Victor Kovalenko OAM (; born 5 August 1950) is Ukrainian sailor & coach, now the head coach  of the Australian Olympic Sailing Team. Referred as "The Medal Maker," Kovalenko has coached men and women sailors to 11 medals in many Olympic Games, beginning in 1988. Seven of those medals are Gold.

Biography
Kovalenko was born in Dnipro, Ukraine, on 5 August 1950. He learned to sail at the local "Meteor Club" when he was 12 years old. He became a member of USSR National sailing team in 1973, sailing Flying Dutchmen and Dragons. In 1974 he won the national Flying Dutchman championship with Valery Maydan. That year he put racing aside to complete his education at the Nikolaev State Pedagogical Institute where he graduated with majors in Sport and Sport Science. He began sailing 470s while at Nikolaev. He considers that 16-foot Olympic class dinghy the most difficult and most satisfying boat to sail. (Victor was USSR 470 Champion in 1981 with Michael Kudrjavtsev). His nickname was Flint.

In 1978, Kovalenko met his wife, Tatiana Savenkova. A track athlete who ran the 400 meters, Miss Kovalenko was a coach before becoming an elementary school teacher. They are parents of one son, Vladimir, and have one grand daughter.

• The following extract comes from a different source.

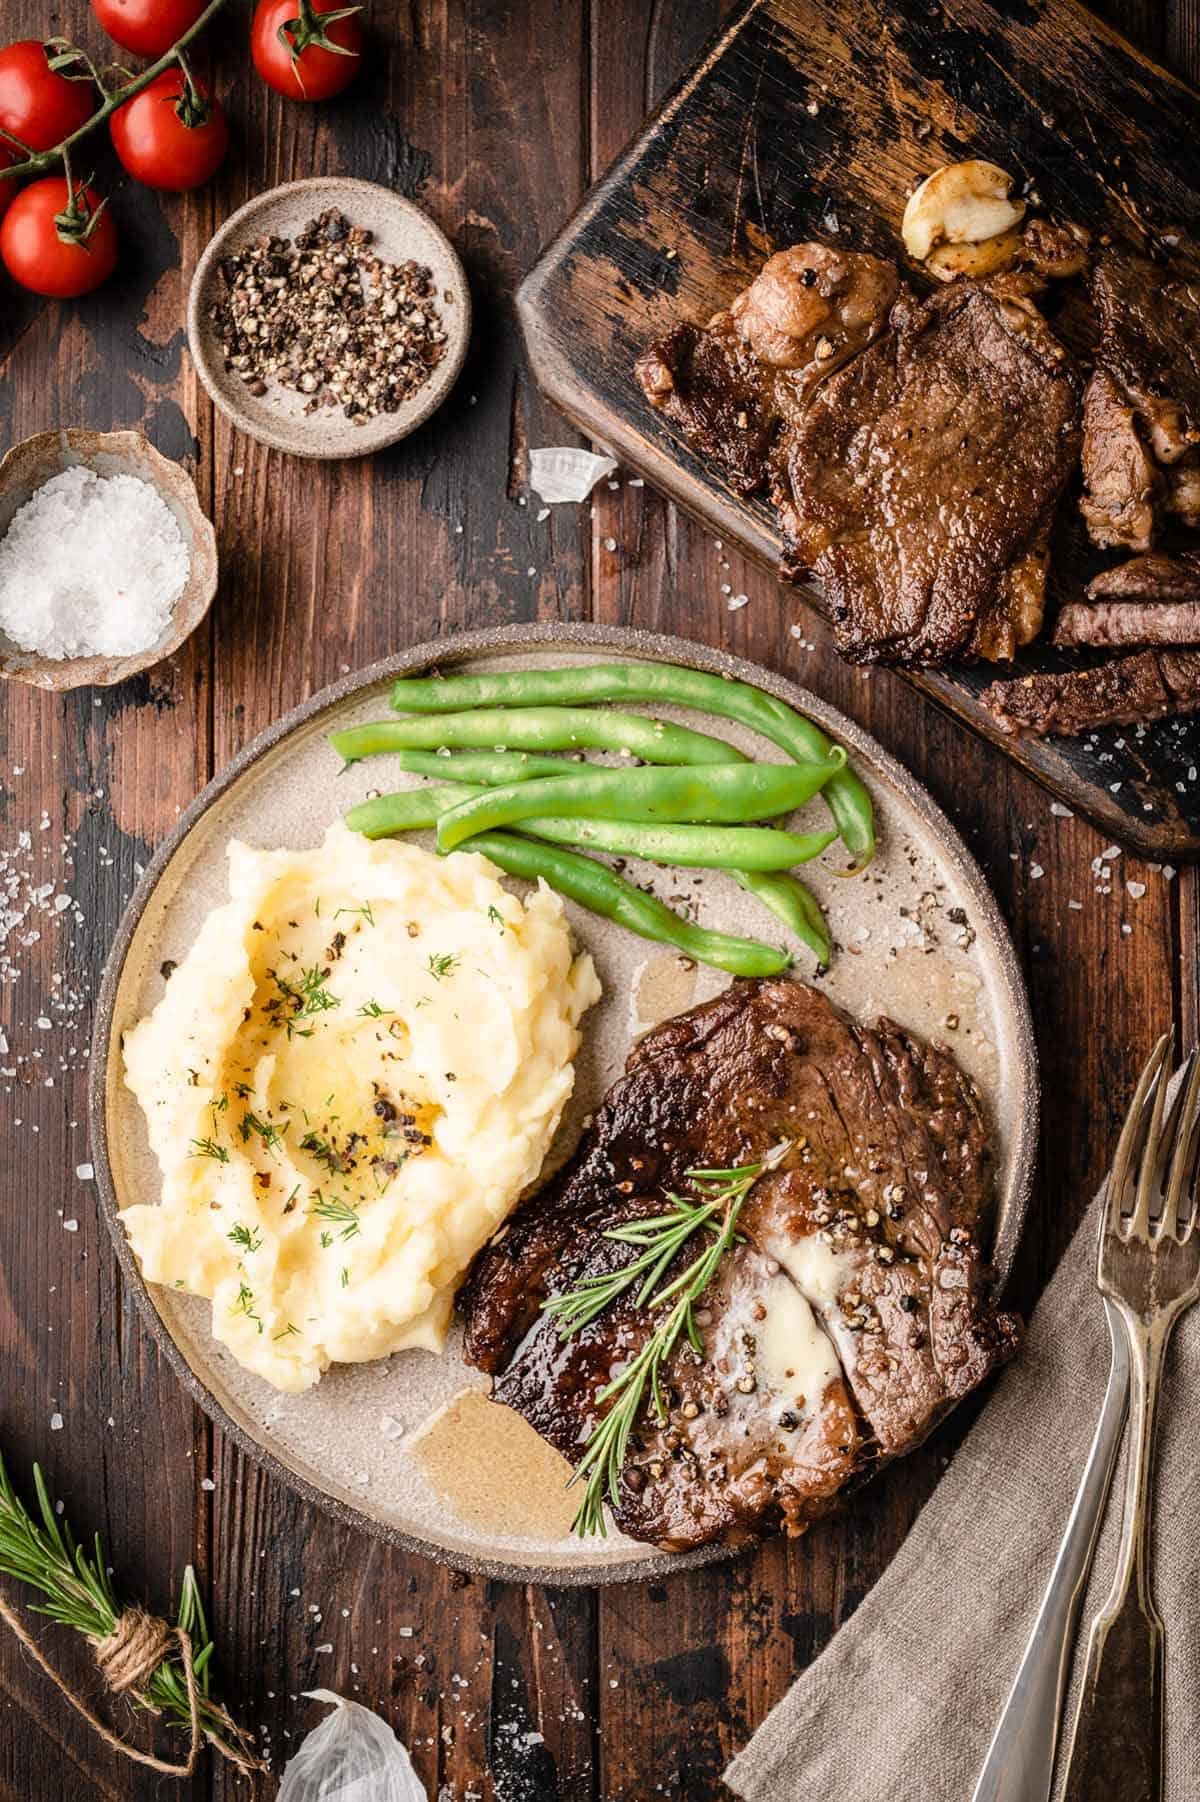 An overhead shot of the plate with pan seared wagyu ribeye steaks served with mashed potatoes and roasted green beans.

Kovalenko's competitive career ended in 1984 when USSR boycotted the 1984 Summer Olympics. After his team was disbanded, he turned part-time coaching into a full-time career.

In 2017, the book 'Medal Maker' written by Roger Vaughan on the Kovalenko's life and sailing career was published.

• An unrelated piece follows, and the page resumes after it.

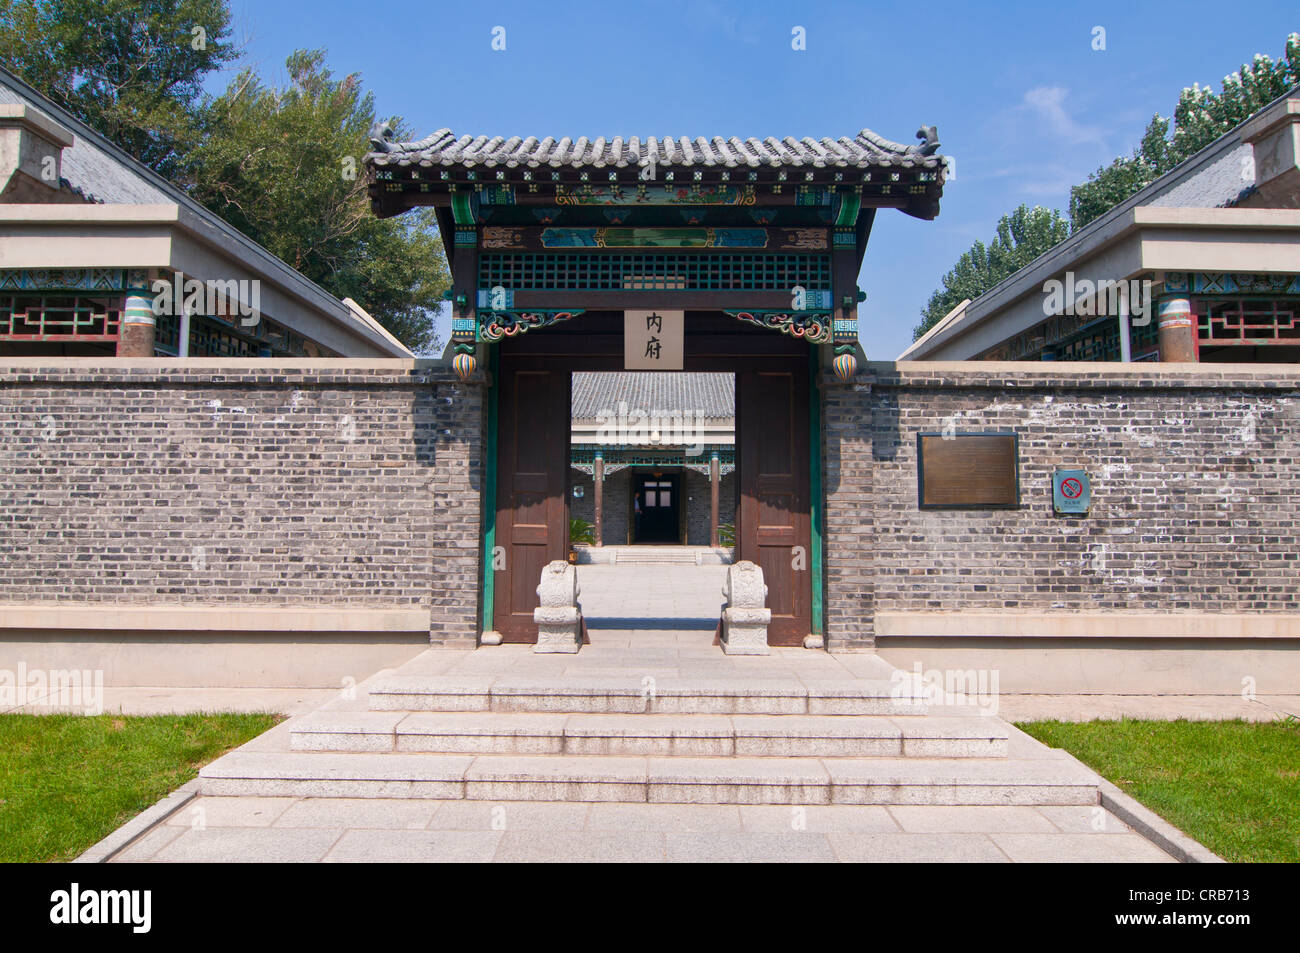 Palace of Emperor Puyi, Museum of the Imperial Palace of the Manchu State, Changchun, Jilin, China Stock Photo

A film about Kovalenko based on Roger Vaughn's biographical book about him of the same name "Launch of ‘The Medal Maker’ - The story of Victor Kovalenko" is currently being shot in different parts of the world.

Coaching career
In 1983, it was announced that in 1988 women would be welcome to sail in the Olympics for the first time. The 470 was named as the first women's class. It fell to Kovelenko, a junior coach for USSR, to work with an inexperienced women's team of which little was expected. In four years, he coached former rower Larisa Moskalenko and her crew, Iryna Chunykhovska to an bronze medal at the 1988 Seoul Olympics.
	
In 1991, after the Soviet Union was dissolved, Kovalenko began coaching both men's and women's teams for Ukraine. The 1996 Atlanta Olympics were a huge success for the newly independent country's first Olympics. Ukrainians brought home nine Gold medals, two medals of them in sailing (gold and bronze). But political upheaval within the country resulted in lack of support for the sailing team. When Kovalenko was recruited by Australia, he accepted. He moved to Sydney in 1997.
	
His début as Australia's coach  at 2000 Sydney Olympics resulted in gold medals for both the men's and women's teams in the 470 class. Immediately after the Sydney Olympics, he was appointed the inaugural Head Coach of the Australian Institute of Sport Sailing Program. Australia missed the podium in Athens (2004), but  at the 2008 Beijing Olympics both Kovalenko's men's and women's 470 class teams each won gold medals.
	
At the 2012 London Olympics, the team of Mathew Belcher and Malcolm Page won gold for Australia in the 470 class. Belcher and Kovalenko have now been working together 21years.

At the 2016 Rio Olympics, the team of Mathew Belcher and Will Ryan won the silver medal in the 470 class.

His aim is to coach at the 2020 Tokyo Olympics after his wife said "Victor, you have to do Tokyo because you can’t finish your coaching career with a silver medal, you have to complete the job".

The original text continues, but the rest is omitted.